Press Release
Evaluating the Accuracy of Algorithms in Measuring Interbank Lending
March 10, 2015

NEW YORK—Algorithms used by researchers to identify transaction-level activity in the federal funds market are ill-suited for this task, according to a new study from the Federal Reserve Bank of New York. 

The U.S. federal funds markets is an interbank market for unsecured, mostly overnight loans of reserves held by banks at the Federal Reserve Banks.  The traditional source of data on the fed funds market is based on fed funds trades reported by the major fed funds brokers to the New York Fed.  However, an alternative source of funds data, used exclusively to conduct academic research, utilizes algorithms that search all transactions sent over Fedwire to identify pairs of payments that look like fed funds loans. 

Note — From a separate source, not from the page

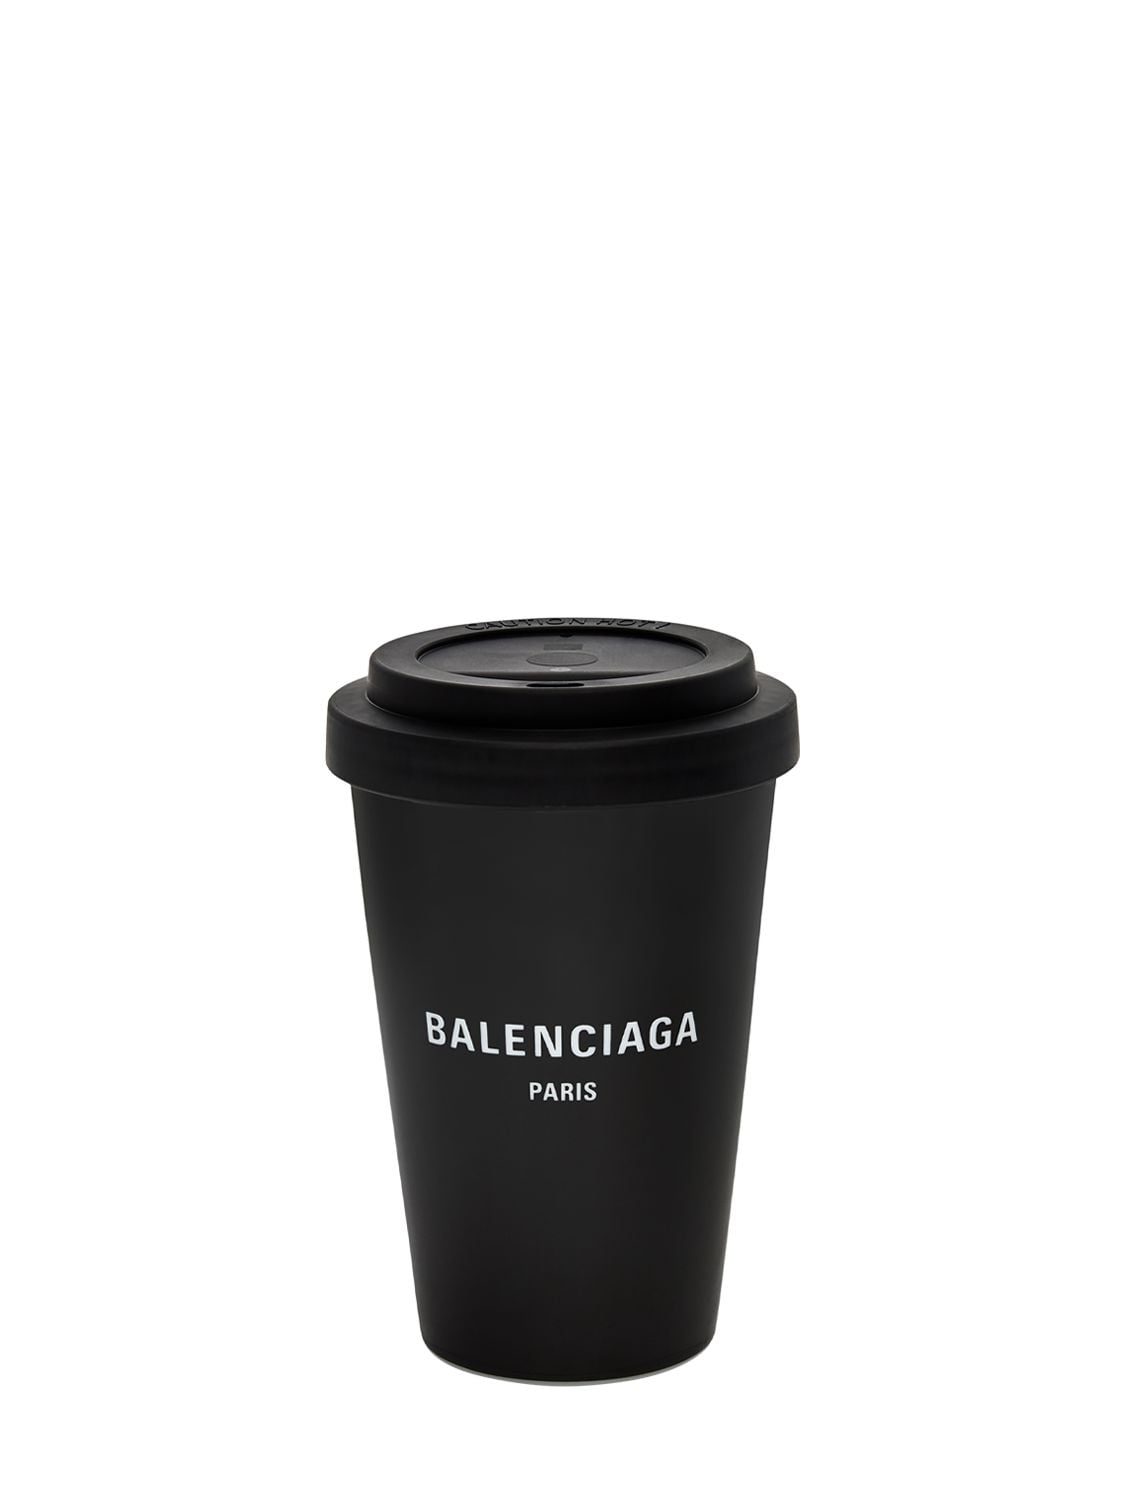 Balenciaga Paris陶瓷咖啡杯 In Black

In “Challenges in Identifying Interbank Loans,” New York Fed economists Olivier Armantier and Adam Copeland formally test how accurate these algorithms are in identifying individual fed fund transactions.  To accomplish this objective, the authors compare a set of payments known to be fed funds transactions from 2007-2011 with the set of payments pegged as such by an algorithm.  The authors find that, for the period, an average of 81 percent of all pairs of payments identified by the algorithm are not, in fact, fed funds transactions conducted by the two banks, while an average of 23 percent of the banks’ actual fed funds transactions go unrecognized by the algorithm. 

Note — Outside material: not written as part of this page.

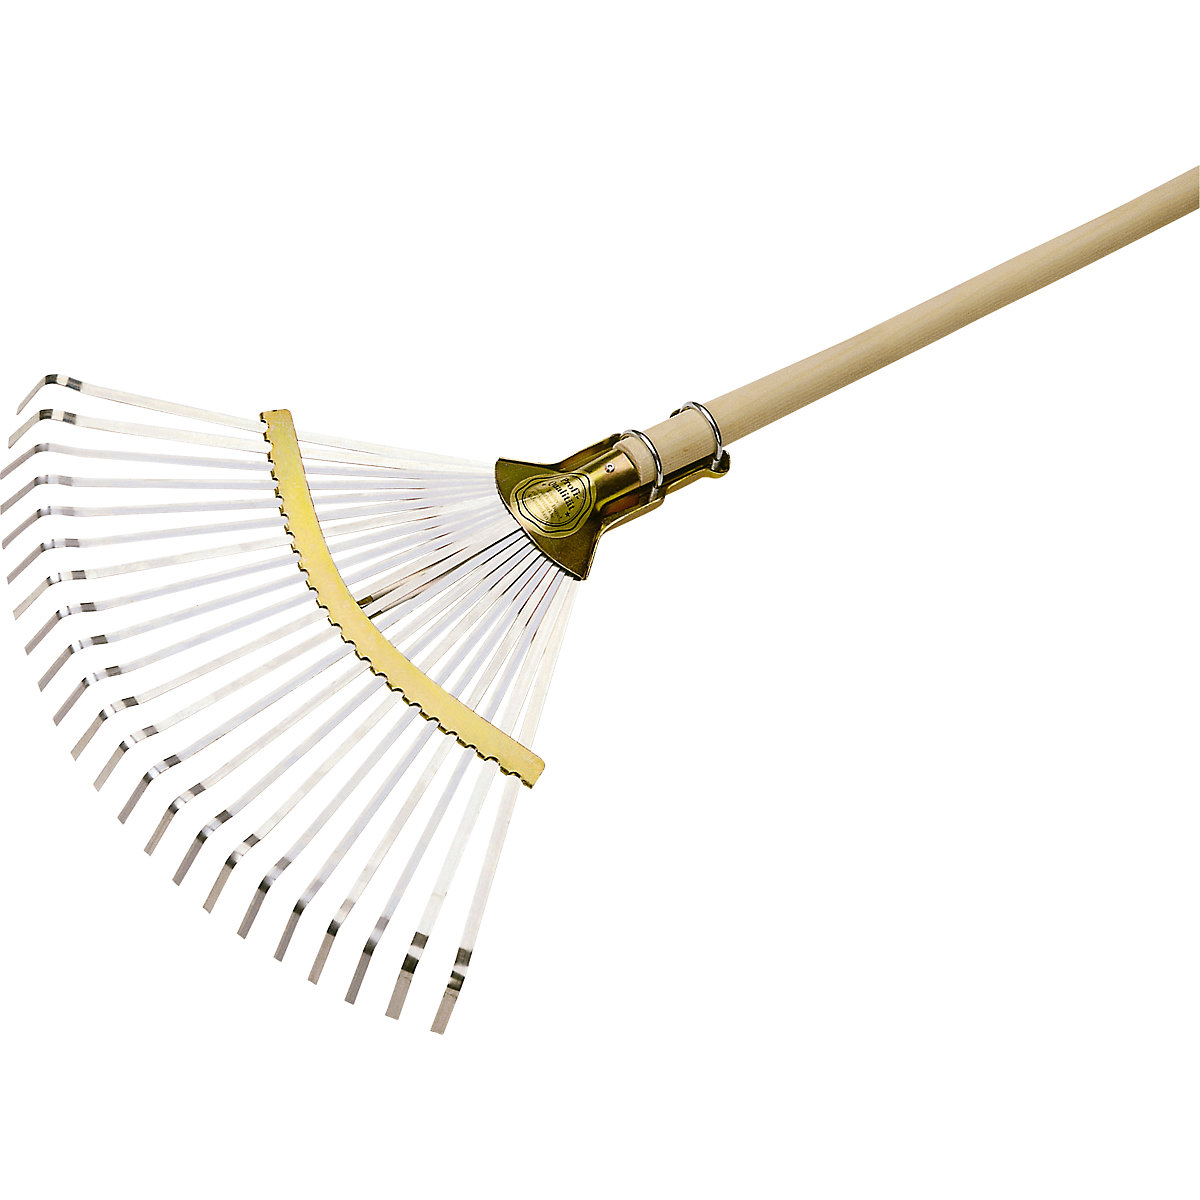 Professional leaf rake – FLORA

These results, the authors conclude, raise serious concerns about the appropriateness of using the algorithm’s output to study the fed funds market. As a consequence, the findings raise questions about the validity of empirical results previously obtained using the algorithm’s output. Finally, the analysis underscores the need to demonstrate formally, prior to any analysis, that the indirect inferences produced by an algorithm are accurate.

Olivier Armantier is an assistant vice president and Adam Copeland a research officer at the Federal Reserve Bank of New York.